ML usually requires a large dataset for training to improve prediction accuracy. Geological and operational data, however, were not always measured leading to imbalanced dataset. Data processing was found very important for a meaningful prediction of sand production across the oilfield with the ML techniques. Different scenarios were conducted to investigate the sensitivity of the prediction accuracy depending on the location and depth of the data sources as well as on the proximity to the nearby major geological faults. Incorporating mechanical property of each horizon as input data in future studies could provide a more nuanced understanding and potentially elevate the precision of the predictions. This finding elucidates the complex interplay between geological and operational factors in sand production, advocating for models tailored to specific conditions and enriched with diverse data scenarios and domain-specific insights.

The investigation focused on several key research questions:

  • The analysis demonstrated that ML models trained on diverse datasets from multiple blocks performed better than those trained on fewer blocks, highlighting the importance of data diversity in improving prediction accuracy.

  • The study found that integrating data from multiple horizons generally reduced the prediction error, suggesting that a more comprehensive dataset enhances prediction accuracy. However, some horizons consistently showed higher RMSEs, indicating their complexity and the need for additional data or refined models.

  • The findings revealed that using only operational data (liquid rate and water cut) resulted in lower RMSE than using all available data, including geological features. This suggests that the quality of input data significantly impacts prediction accuracy, and introducing noise through less accurate geological data can diminish model performance.

  • The study underscored that wells' proximity to faults significantly affects sand production predictions. Models trained and tested on wells from similar locations (e.g., distant from faults) performed better, emphasizing the need for tailored approaches in predictive modeling to account for these geological complexities.

The applied ML methods demonstrated commendable classification accuracy in identifying sand-producing wells. The research introduced novel metrics—PPA and PTPA—tailored to the operational needs of sand production management. These metrics were instrumental in evaluating model performance more relevantly, especially in forecasting operationally pivotal events like peak sand production.

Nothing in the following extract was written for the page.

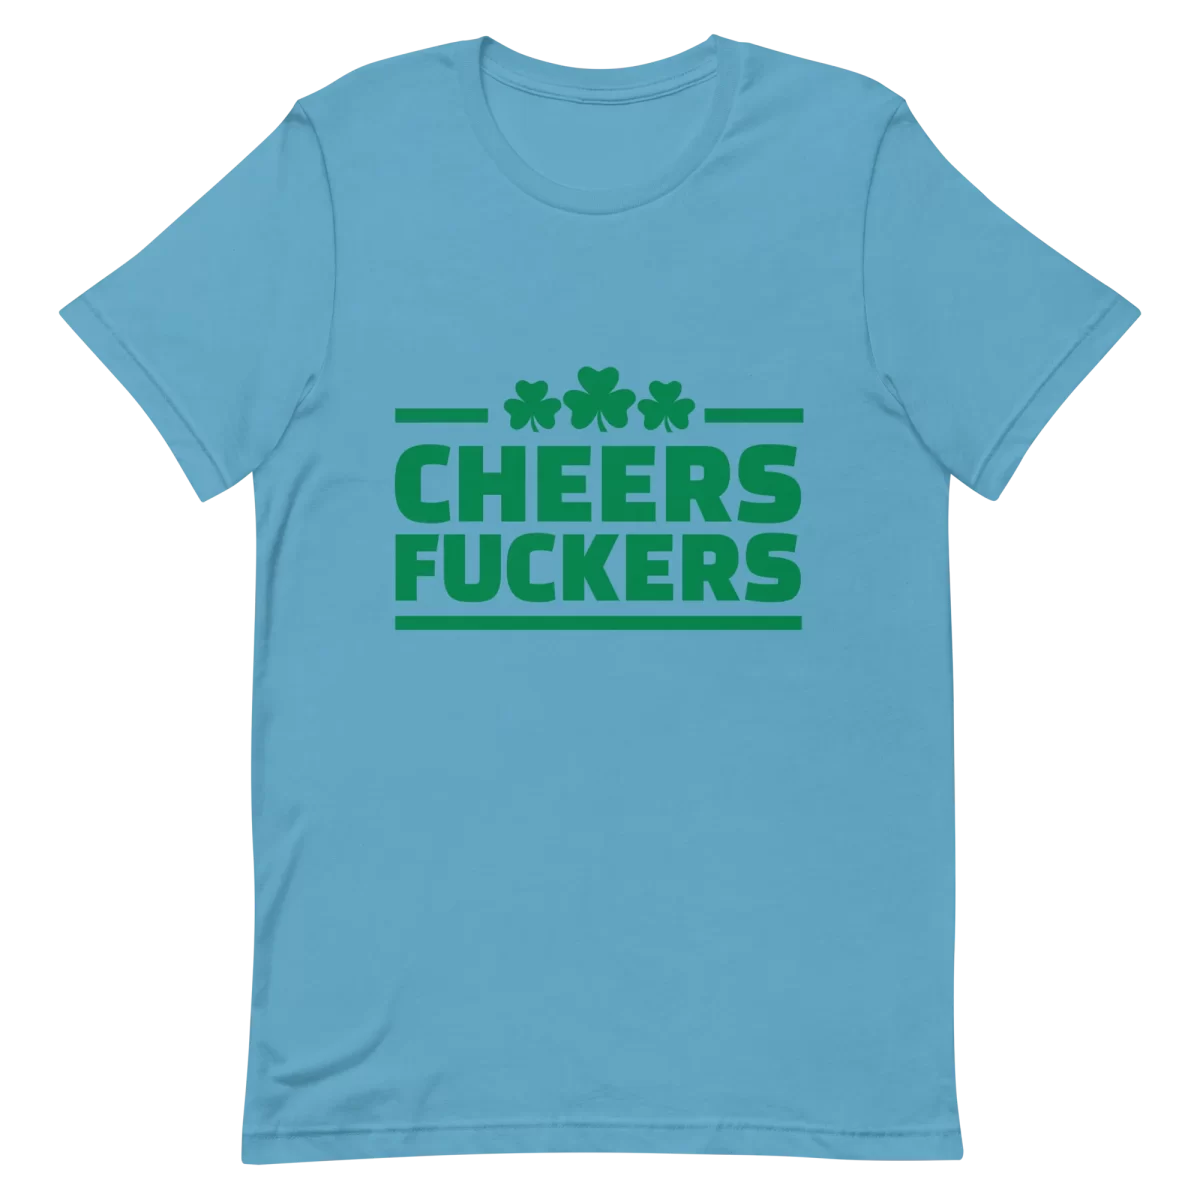 Unisex T-Shirt - Cheers Fuckers - Ocean Blue

In conclusion, this research marks a significant stride in sand production prediction. It not only reinforces the potential of ML in enhancing understanding and forecasting of sand production, but it also paves the way for future studies to focus on refining prediction models. By incorporating stress-related domain-specific knowledge and enriching training data, future research can further improve the accuracy and reliability of sand production prediction, ensuring more informed decision-making and efficient operational management in oilfield operations.